Unless the ‘double-dummy’ approach is adopted, OTP-controlled trials have expected
high risk of bias regarding blinding of participants. In fact, our SR has highlighted
that low risk of bias in OTP research may be feasible only in double-dummy trials (A138, Adler; A148, van Erp); however, such trials also have
limited pragmatic attitude and a focus that is on the efficacy of the homeopathic
medicine rather than on the whole package of homeopathic care. By contrast, OTP-controlled
design may be optimal in studies of adjunctive IHT (‘[A + B] versus B’ design), where
we found a prevailing pragmatic attitude and, in one case (A296, Peckham), a high
risk of bias in domain IIIa only: our aim to accommodate that sole bias within sensitivity
analysis was thwarted by the low quality and number of relevant trials. Some observers
might argue, nevertheless, that the Cochrane-type system for rating internal validity
is inappropriate for more pragmatically orientated trials of ‘whole-system’ interventional
approaches such as homeopathy.
We emphasise that the extreme clinical heterogeneity of the current studies seriously
limits the interpretation of the corresponding meta-analyses. The pooled effect estimates
presented in [Fig. 2] and [Fig. 4] must be viewed with appropriate caution: indeed, these results are not represented
in Conclusions. It should also be noted that ‘[A + B] versus B’ trial design in individualised CAM
therapy has been criticised as being prone to ‘false positive’ results due to ‘non-specific
effects’ of the intervention.[39] Any issues concerning model validity of these current trials—a key attribute, as
previously emphasised[38]
[40]—are unknown at present.
Conclusions
Due to the low quality, the small number and the extreme heterogeneity of studies,
no decisive conclusion is currently possible regarding comparative effectiveness of
IHT on health-related outcomes, assessed within the context of OTP-controlled trials.
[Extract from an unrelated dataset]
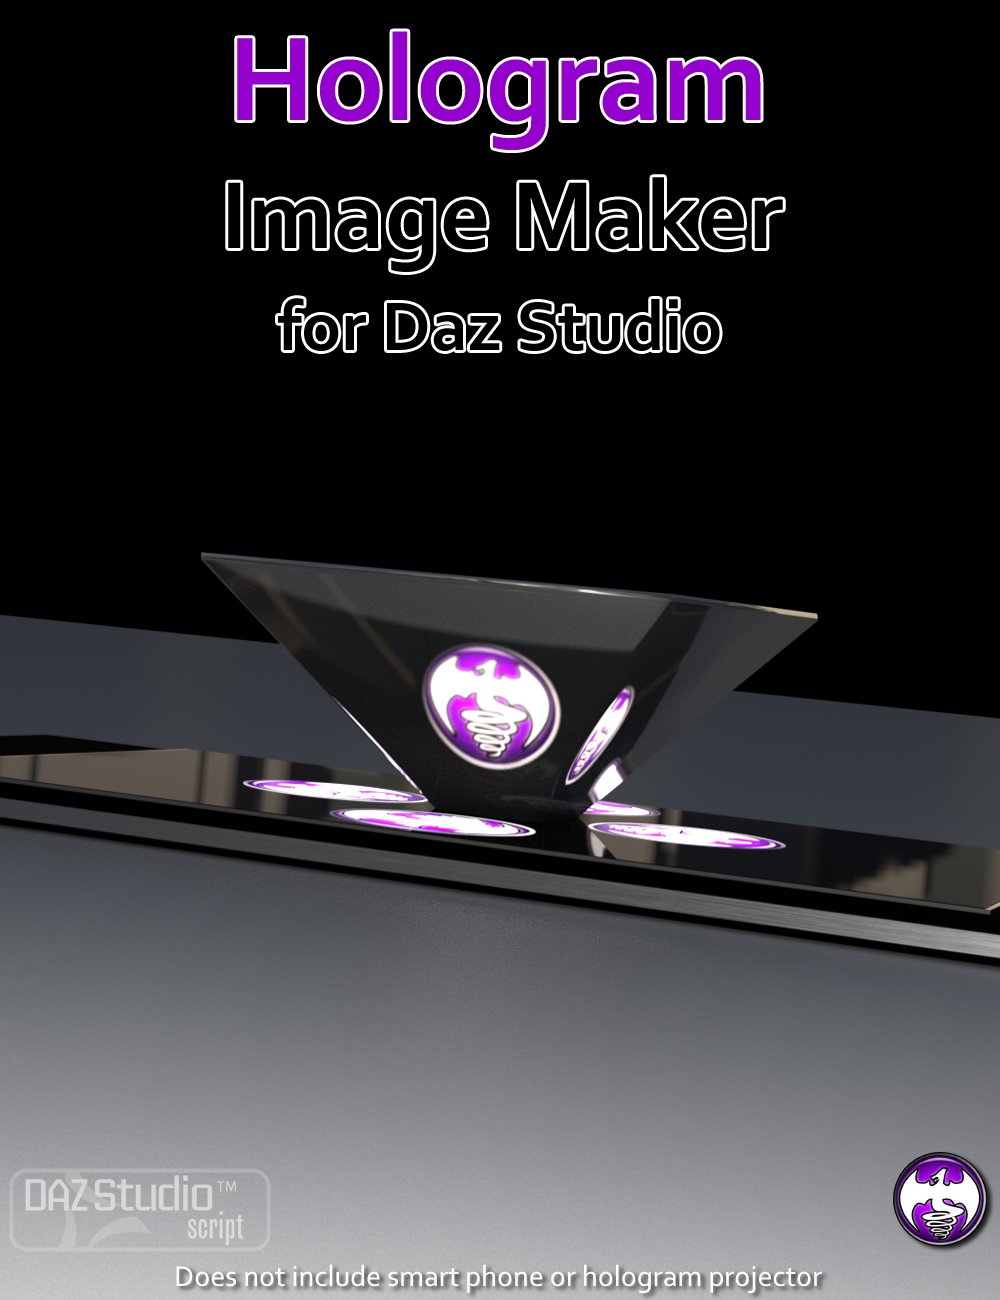 Hologram Image Maker for Daz Studio by: DraagonStorm, 3D Models by Daz 3D

Generalisability of findings is limited by the variable extent of external validity
observed overall. To date, the highest quality and the most pragmatic study attitude
for RCTs of IHT is associated with the ‘[A + B] versus A’ approach. Future OTP-controlled
trials in homeopathy should promote both internal validity and external validity,
as informed by the domain-based assessments in the present article.